En el caso de Colombia, la respuesta siempre ha estado en los campesinos, aunque apropiarse de la agricultura sostenible en el país es menos poético en la práctica que en la academia. Los Agredo Campos, una familia campesina de Buenavista (Quindío), por tres generaciones han sido guardianes de los saberes agroecológicos de su vereda, para ellos la protección de ecosistemas mediante la producción de alimento limpio de plaguicidas es la manera más sana de asegurar que su casa podrá seguir siendo un lugar de vida digna para su familia. Sin embargo, lagunas legales, débiles políticas alimentarias regionales y la protección estatal del agronegocio sobre la economía familiar campesina han dejado a los Agredo Campos sin vecinos, rodeados por monocultivos de café y plátano, los cuales a menudo son rociados con plaguicidas tóxicos que les genera constantes afectaciones a su bienestar y al entorno que ellos mismos pertenecen, esto sin hablar del constante dilema económico en el que viven para mantenerse como familia campesina en una realidad adversa que no les reconoce.

A manera de conclusión, hay que reconocer que, si bien el informe de la Relatora Especial para el Derecho a la Alimentación de Naciones Unidas sirve como faro para empoderarnos sobre el derecho humano a una alimentación adecuada, también sabemos que organismos internacionales (como las relatorías especiales) actúan como consejeras de los Estados, no como una autoridad ‘salvadora’ con poder de decisión.
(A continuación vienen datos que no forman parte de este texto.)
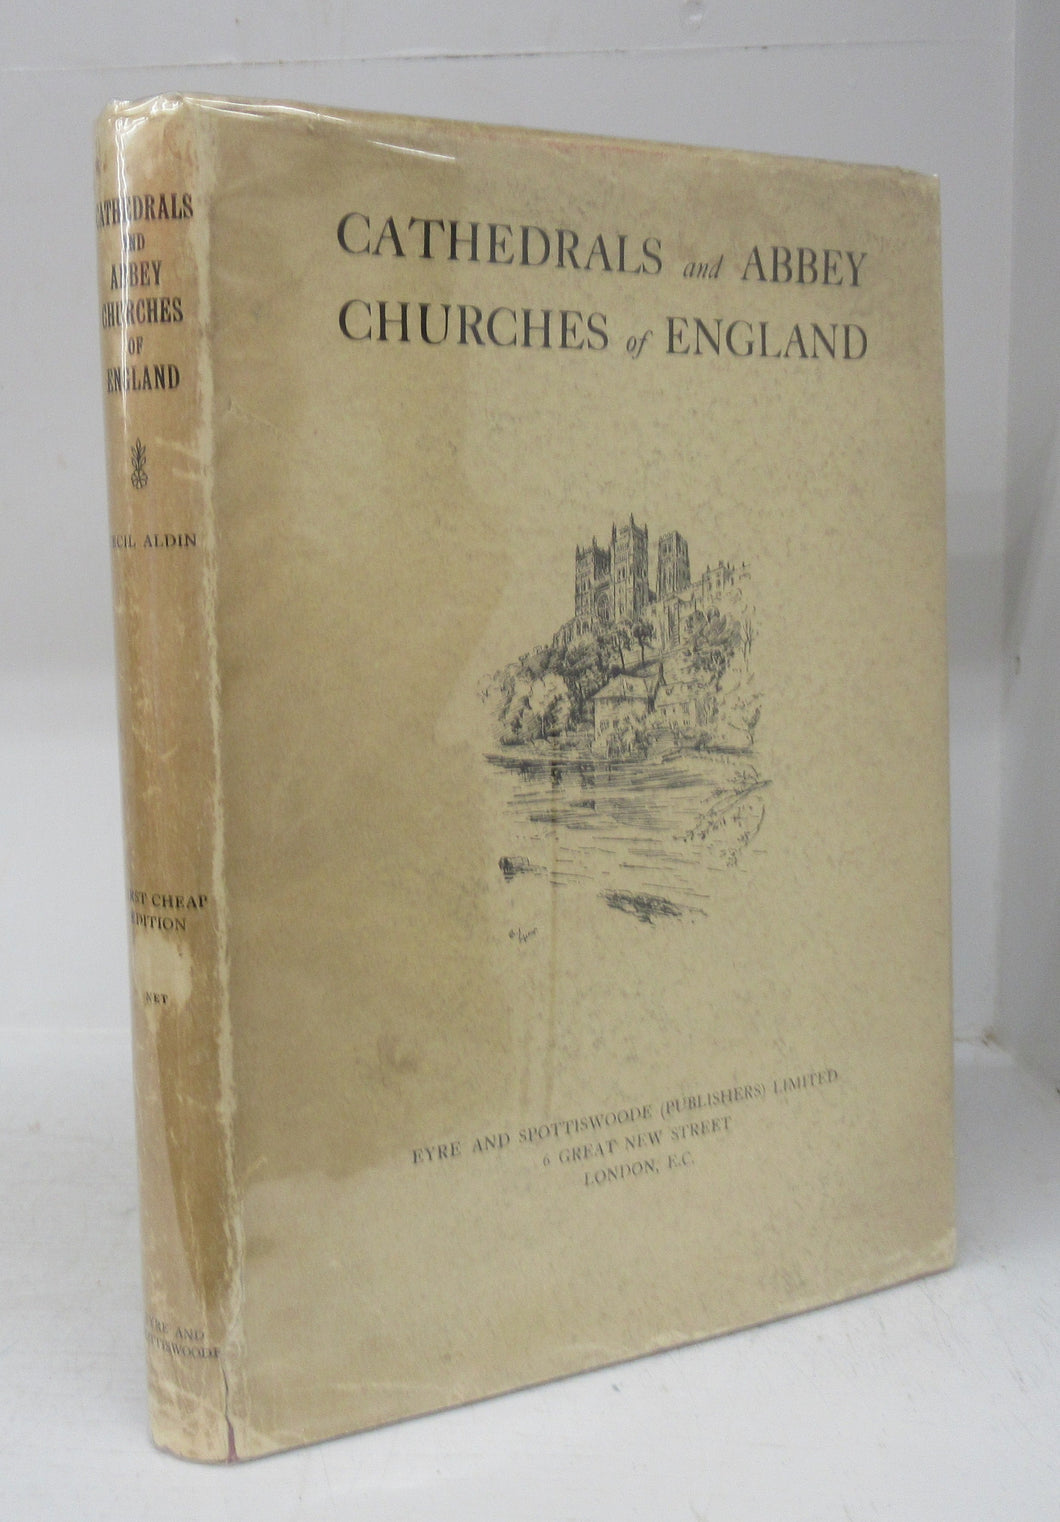 Cathedrals and Abbey Churches of England

Este informe es una herramienta para acercarnos más a la solución, que nunca ha estado afuera, y que está en todos los involucrados con la cuchara, en todos los que comemos, producimos, pensamos, planeamos y decidimos sobre el alimento a nivel individual, familiar, académico, regional y nacional. Podemos empezar a preguntar a los responsables de las decisiones sobre nuestra cuchara cosas como: ¿Qué procedimientos se siguieron para verificar que las 60 mil toneladas de maíz que llegaron en abril a Colombia desde Estados Unidos fueran saludables para el consumo humano?, o tal vez, si fortalecer la agricultura familiar nos provee alimentación más sostenible y saludable ¿Por qué estamos invirtiendo en importar 60 mil toneladas de un cultivo que producimos localmente? O precisamente frente a pesticidas, la eterna pregunta ¿Por qué seguir fumigando los campos colombianos con un pesticida como el glifosato?

Referencias:

Altieri, M.A. 1994. Biodiversity and pest management in agroecosystems. Hayworth Press, New York Evaluación Internacional de la Ciencia y la Tecnología Agrícolas para el Desarrollo, Agriculture at a Crossroads: Synthesis Report (Washington D.C., 2009).

Lengnick, L., (2014). Resilient agriculture: cultivating food systems for a changing climate. Canada: New Society Publishers.